Comme 14 autres skippers sur cette 8e édition du Vendée Globe, Morgan Lagravière est un bizuth. Il a déjà fait des transatlantiques. A plusieurs et en solo. Mais un tour du monde en solitaire et sans assistance, jamais. Terrifiant, vous avez dit ? Pas pour celui qui navigue depuis plus de 20 ans. A 29 ans, oui, oui.
EPISODE 1/3 - Le stress du du bizuth
EPISODE 2/3 - Rodé comme un pro
EPISODE 3/3 - La solitude du marin
Morgan aurait pu ne jamais participer à cette course mythique. Après une jeunesse passée à décrocher des médailles en 420 sur les plages de la Réunion, il poursuit en 49er (dériveur léger à deux équipiers) et intègre l’équipe de France olympique avant ses 20 ans. Mais au lieu de s’intéresser aux potentielles médailles, en amateur, il vire de bord et s’attaque, en pro, à la Solitaire du Figaro. Très précoce, il enchaîne les victoires et tape dans l’œil du groupe industriel Safran. Quelques années plus tard, le voilà embarqué sur cet incroyable projet.
" Morgan sait exprimer son instinct alors que la plupart des skippers de sa génération sont davantage portés sur la théorie. "
Pour mieux se préparer à vivre près de 80 jours en mer – le record de la course, 78 jours 2 heures et 16 minutes, appartient à François Gabart – Morgan est accompagné depuis plusieurs mois par la maison Kaïros, écurie fondée en 2007 par Roland Jourdain. Lors du dernier entraînement au large de la Bretagne, "Bilou" observe son poulain de marin et lui délivre ses derniers conseils. S'il n'a jamais réussi à boucler le Vendée Globe – il a été contraint à l'abandon à deux reprises, en 2004 et en 2008 – Roland Jourdain a navigué sur toutes les mers du globe et connaît par cœur ces longs moments de solitude.

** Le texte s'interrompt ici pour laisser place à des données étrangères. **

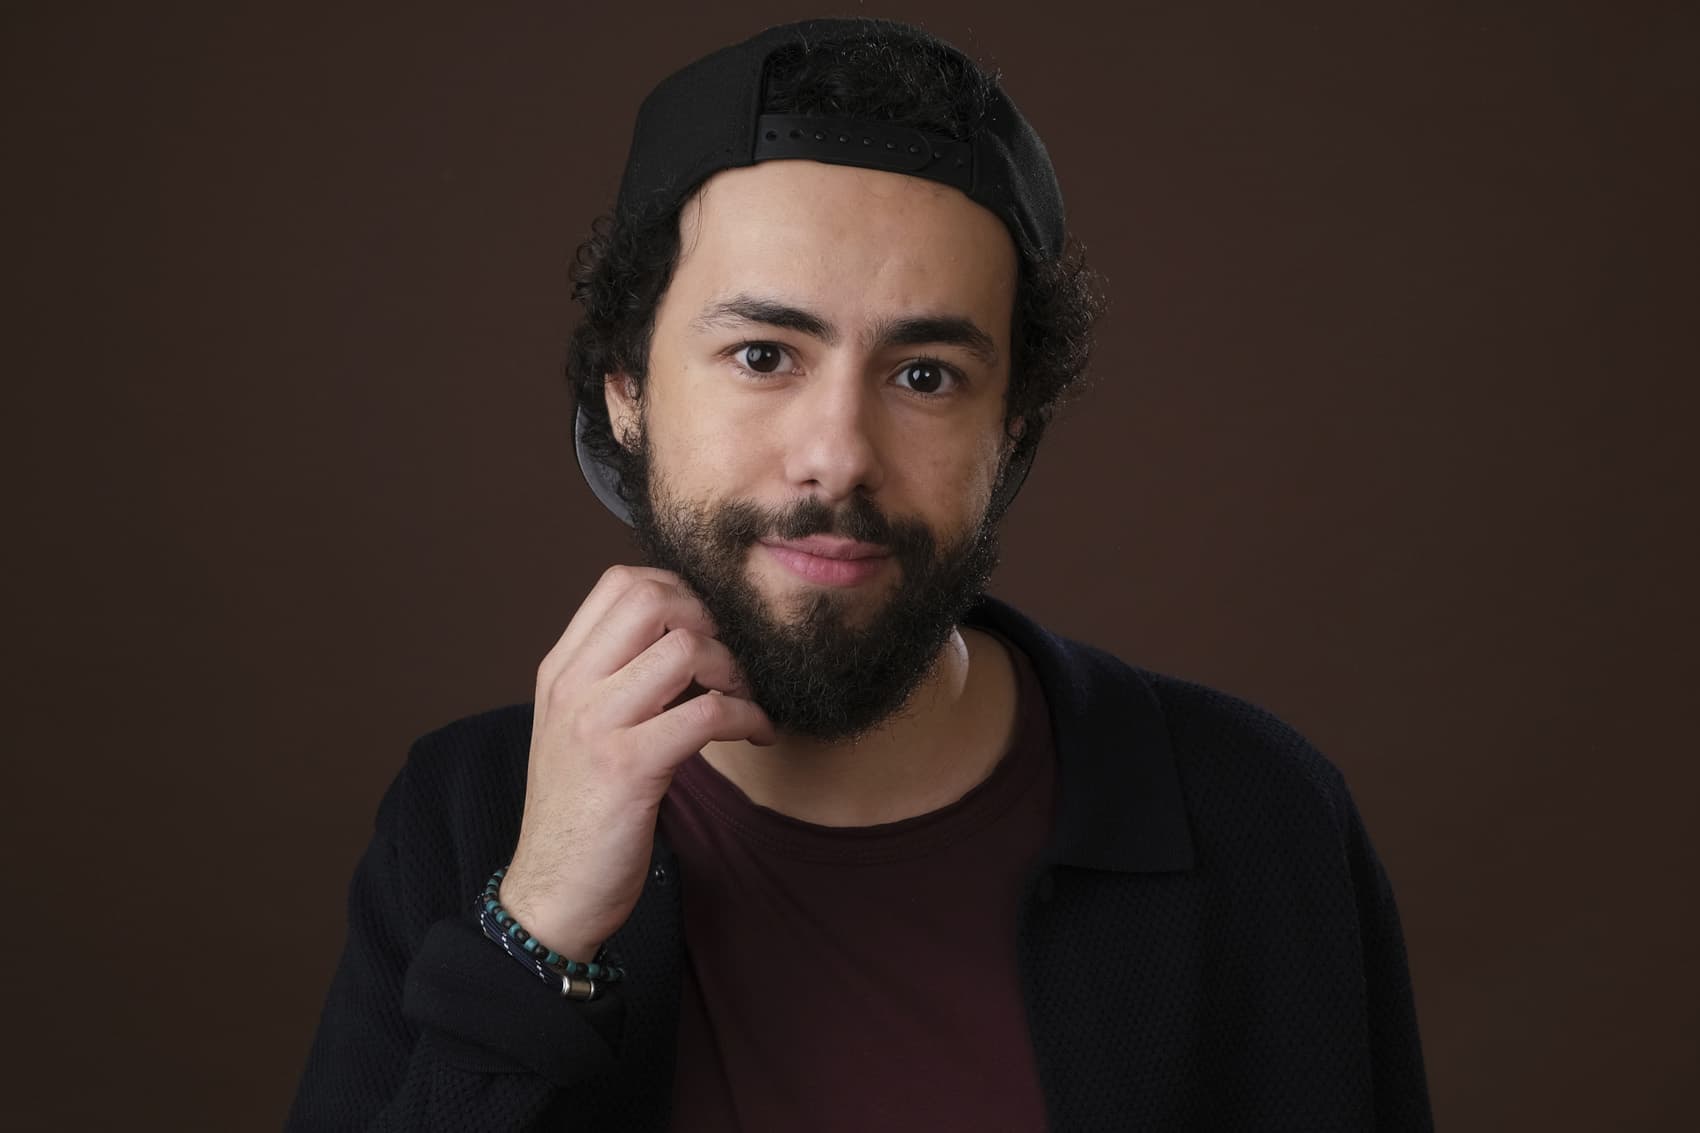 'That Means I'm Not A Good Muslim?' Islam In Today's World With 'Ramy

Pas vraiment inquiet par nature, "Bilou" semble "plutôt confiant" pour Morgan. "Sa première qualité, c'est un instinct ultra développé sur l’eau, explique-t-il tout en suivant du regard les manœuvres du skipper de Safran. Surtout, il sait l’exprimer alors que la plupart des skippers de sa génération sont davantage portés sur la théorie. C’est très agréable pour toute l’équipe car nous avons un retour précis de ce qu’il ressent à bord et cela nous permet d’être plus efficaces". Ne le comparez donc pas à François Gabart, vainqueur du dernier Vendée Globe qu'on a pu accuser d'être plus un ingénieur qu'un navigateur.

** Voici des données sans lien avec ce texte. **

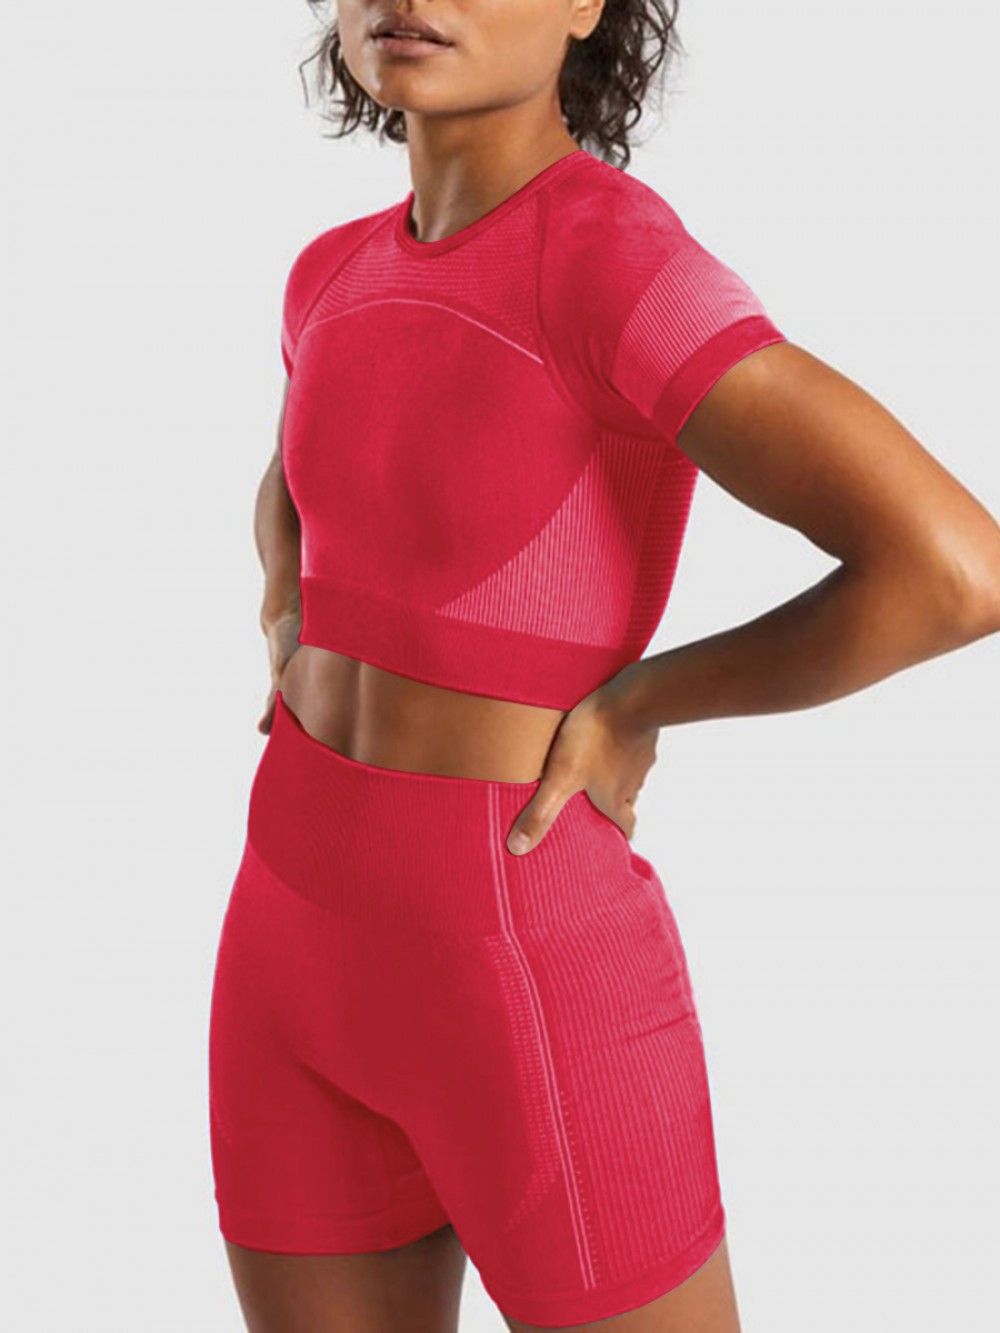 Ultimate Fit Rose Red Cutout Back Sports Suit Round Neck

Le vent se lève au large de Concarneau en cet après-midi d'été indien. 25 à 30 nœuds de côté font gîter l'IMOCA Safran. Les foils, nouveautés technologiques qui ont remplacé les dérives classiques, donnent littéralement l'impression de voler sur l'eau. Mais la grande bleue est loin d'être démontée. Morgan le sait très bien, une mer calme n'a jamais fait un bon marin. "Totalement malgré lui", il a affronté des gros grains sur ses dernières courses. "J'ai été pas mal traumatisé, avoue-t-il. Sur la transat Jacques Vabre avec Nicolas Lunven, notre bateau s'est ouvert en deux en plein milieu de l'Atlantique. Sur la transat Saint-Barthélemy - Port-La-Forêt, j'ai connu une dépression comme je n'en avais jamais vécu. J'en ai vraiment bavé".
Comme si la poisse le poursuivait ces derniers mois, Morgan a dû faire face à toute une série d'imprévus sur sa dernière transat, en équipage cette fois aux côté de Roland Jourdain. "On a d'abord cassé notre gouvernail dans 50 nœuds de vent, rembobine-t-il tout en affalant sa trinquette avant. Après avoir réparé aux Açores, on a explosé un des deux foils sur une baleine au large de New York". Des conditions compliquées qu'il devrait à nouveau affronter sur le Vendée Globe. "Ce genre d'expérience, ça n'a pas de prix. J'aurais moins peur si ça doit encore se produire". En traversant les trois principaux caps – le Cap de Bonne Espérance, le Cap Leeuwin et le Cap Horn – en voguant sur l'Atlantique, l'Océan Indien et le Pacifique, il ne devrait pas y échapper.